[Data for this exercise]:
[Start of section]

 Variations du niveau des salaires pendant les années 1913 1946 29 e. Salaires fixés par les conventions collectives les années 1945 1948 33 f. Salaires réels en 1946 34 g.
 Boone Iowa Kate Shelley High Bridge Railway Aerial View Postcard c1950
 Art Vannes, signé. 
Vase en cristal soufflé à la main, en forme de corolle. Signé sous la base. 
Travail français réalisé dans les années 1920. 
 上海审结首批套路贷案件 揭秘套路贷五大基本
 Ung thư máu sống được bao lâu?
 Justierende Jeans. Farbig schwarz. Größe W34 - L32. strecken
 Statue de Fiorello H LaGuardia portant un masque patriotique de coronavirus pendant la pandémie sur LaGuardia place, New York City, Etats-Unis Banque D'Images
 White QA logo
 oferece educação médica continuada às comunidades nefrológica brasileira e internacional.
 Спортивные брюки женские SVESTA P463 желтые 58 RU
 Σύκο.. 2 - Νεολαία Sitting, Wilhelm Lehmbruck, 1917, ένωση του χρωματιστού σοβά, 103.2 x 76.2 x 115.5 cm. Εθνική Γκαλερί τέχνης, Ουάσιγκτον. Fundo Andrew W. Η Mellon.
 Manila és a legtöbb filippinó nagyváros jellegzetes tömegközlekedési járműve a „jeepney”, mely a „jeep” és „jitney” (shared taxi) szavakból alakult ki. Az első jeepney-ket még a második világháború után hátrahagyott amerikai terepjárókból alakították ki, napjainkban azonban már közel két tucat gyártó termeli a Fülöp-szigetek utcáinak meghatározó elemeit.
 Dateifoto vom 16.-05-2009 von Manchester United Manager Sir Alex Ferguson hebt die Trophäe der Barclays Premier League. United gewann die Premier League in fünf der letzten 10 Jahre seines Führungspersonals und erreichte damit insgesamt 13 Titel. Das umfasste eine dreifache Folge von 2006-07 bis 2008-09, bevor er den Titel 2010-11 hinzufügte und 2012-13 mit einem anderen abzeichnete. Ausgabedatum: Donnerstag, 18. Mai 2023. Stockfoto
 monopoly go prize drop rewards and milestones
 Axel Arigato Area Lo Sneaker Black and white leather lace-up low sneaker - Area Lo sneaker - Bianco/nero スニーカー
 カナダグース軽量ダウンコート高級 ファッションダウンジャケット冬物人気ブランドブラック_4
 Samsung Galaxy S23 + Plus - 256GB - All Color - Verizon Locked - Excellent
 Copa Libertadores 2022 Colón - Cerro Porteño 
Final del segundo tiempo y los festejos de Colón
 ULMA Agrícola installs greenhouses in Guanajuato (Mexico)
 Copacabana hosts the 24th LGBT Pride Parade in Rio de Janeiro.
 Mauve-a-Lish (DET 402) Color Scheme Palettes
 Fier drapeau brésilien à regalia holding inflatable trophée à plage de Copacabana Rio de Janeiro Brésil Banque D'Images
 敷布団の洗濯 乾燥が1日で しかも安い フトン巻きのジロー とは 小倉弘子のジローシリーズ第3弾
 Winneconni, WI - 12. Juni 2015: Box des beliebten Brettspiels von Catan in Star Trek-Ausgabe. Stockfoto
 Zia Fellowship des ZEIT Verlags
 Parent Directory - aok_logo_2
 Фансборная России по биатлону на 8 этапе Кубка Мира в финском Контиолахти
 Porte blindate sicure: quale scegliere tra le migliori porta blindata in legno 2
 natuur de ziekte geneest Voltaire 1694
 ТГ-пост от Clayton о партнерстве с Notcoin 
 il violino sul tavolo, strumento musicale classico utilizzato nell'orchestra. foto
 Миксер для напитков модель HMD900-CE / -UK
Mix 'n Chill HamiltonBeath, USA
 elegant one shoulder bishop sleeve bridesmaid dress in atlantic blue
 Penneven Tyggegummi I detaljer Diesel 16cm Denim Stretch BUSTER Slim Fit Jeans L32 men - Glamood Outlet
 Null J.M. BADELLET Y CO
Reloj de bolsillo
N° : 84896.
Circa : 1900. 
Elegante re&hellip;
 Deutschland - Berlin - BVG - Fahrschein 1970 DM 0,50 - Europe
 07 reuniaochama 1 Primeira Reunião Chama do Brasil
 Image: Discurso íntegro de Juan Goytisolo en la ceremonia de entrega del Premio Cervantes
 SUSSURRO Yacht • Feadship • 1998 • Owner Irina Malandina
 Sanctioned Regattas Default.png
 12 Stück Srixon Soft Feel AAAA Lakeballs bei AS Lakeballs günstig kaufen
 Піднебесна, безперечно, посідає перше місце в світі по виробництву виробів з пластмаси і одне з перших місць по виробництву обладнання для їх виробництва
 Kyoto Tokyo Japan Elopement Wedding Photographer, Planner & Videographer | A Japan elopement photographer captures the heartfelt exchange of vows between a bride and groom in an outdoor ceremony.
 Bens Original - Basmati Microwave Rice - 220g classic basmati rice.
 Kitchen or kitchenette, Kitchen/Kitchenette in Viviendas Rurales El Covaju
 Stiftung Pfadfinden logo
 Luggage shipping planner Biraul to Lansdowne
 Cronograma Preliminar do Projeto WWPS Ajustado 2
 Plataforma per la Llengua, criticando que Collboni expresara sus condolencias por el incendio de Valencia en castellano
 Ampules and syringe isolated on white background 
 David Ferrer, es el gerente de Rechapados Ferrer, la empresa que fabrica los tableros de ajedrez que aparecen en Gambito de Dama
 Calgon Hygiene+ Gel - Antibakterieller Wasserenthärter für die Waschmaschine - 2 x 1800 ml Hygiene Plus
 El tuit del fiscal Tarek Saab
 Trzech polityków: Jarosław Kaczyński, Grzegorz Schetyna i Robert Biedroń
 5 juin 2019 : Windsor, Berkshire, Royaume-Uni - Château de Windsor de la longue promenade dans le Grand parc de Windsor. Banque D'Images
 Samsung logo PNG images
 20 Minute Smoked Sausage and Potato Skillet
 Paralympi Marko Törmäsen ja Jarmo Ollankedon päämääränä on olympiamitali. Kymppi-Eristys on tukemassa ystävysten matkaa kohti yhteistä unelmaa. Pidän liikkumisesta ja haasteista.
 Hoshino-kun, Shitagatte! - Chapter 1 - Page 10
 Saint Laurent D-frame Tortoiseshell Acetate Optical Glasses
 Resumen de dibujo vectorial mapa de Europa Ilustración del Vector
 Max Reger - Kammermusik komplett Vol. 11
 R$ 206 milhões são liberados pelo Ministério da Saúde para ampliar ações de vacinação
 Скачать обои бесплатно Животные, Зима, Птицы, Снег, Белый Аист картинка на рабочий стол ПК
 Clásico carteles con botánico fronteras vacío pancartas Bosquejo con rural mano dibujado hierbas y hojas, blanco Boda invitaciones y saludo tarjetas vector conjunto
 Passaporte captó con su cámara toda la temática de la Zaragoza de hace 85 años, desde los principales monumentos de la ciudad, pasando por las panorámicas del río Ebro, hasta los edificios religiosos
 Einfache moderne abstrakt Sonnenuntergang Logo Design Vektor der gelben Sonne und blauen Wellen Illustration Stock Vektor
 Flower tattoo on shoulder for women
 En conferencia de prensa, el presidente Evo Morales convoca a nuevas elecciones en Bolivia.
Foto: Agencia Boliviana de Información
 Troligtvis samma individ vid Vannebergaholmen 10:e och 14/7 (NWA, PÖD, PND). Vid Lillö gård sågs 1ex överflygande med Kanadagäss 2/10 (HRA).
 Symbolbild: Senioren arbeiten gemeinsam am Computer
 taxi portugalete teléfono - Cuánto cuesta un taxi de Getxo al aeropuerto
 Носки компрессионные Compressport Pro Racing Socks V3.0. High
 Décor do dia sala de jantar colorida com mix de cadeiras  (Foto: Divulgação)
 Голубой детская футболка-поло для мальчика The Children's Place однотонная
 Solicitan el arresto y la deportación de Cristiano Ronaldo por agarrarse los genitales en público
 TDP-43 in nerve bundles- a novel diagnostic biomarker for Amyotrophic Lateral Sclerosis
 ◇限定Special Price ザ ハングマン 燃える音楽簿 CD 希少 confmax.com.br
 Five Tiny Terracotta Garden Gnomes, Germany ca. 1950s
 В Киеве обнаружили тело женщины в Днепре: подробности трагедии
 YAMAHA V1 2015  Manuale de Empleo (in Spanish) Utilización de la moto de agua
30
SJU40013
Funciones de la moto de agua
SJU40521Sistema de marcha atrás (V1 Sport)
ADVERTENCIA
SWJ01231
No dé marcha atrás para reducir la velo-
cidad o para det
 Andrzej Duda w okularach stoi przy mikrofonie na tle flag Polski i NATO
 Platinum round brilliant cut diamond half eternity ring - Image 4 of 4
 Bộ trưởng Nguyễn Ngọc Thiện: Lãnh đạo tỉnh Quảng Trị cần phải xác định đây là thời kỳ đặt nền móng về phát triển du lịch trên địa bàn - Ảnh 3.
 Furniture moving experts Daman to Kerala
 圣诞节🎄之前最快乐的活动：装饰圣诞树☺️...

[End of section]

Write out exactly the lines from the start of the material through the line with "Σύκο.. 2 - Νεολαία". No other output is expected.

[Answer box]:
 Variations du niveau des salaires pendant les années 1913 1946 29 e. Salaires fixés par les conventions collectives les années 1945 1948 33 f. Salaires réels en 1946 34 g.
 Boone Iowa Kate Shelley High Bridge Railway Aerial View Postcard c1950
 Art Vannes, signé. 
Vase en cristal soufflé à la main, en forme de corolle. Signé sous la base. 
Travail français réalisé dans les années 1920. 
 上海审结首批套路贷案件 揭秘套路贷五大基本
 Ung thư máu sống được bao lâu?
 Justierende Jeans. Farbig schwarz. Größe W34 - L32. strecken
 Statue de Fiorello H LaGuardia portant un masque patriotique de coronavirus pendant la pandémie sur LaGuardia place, New York City, Etats-Unis Banque D'Images
 White QA logo
 oferece educação médica continuada às comunidades nefrológica brasileira e internacional.
 Спортивные брюки женские SVESTA P463 желтые 58 RU
 Σύκο.. 2 - Νεολαία Sitting, Wilhelm Lehmbruck, 1917, ένωση του χρωματιστού σοβά, 103.2 x 76.2 x 115.5 cm. Εθνική Γκαλερί τέχνης, Ουάσιγκτον. Fundo Andrew W. Η Mellon.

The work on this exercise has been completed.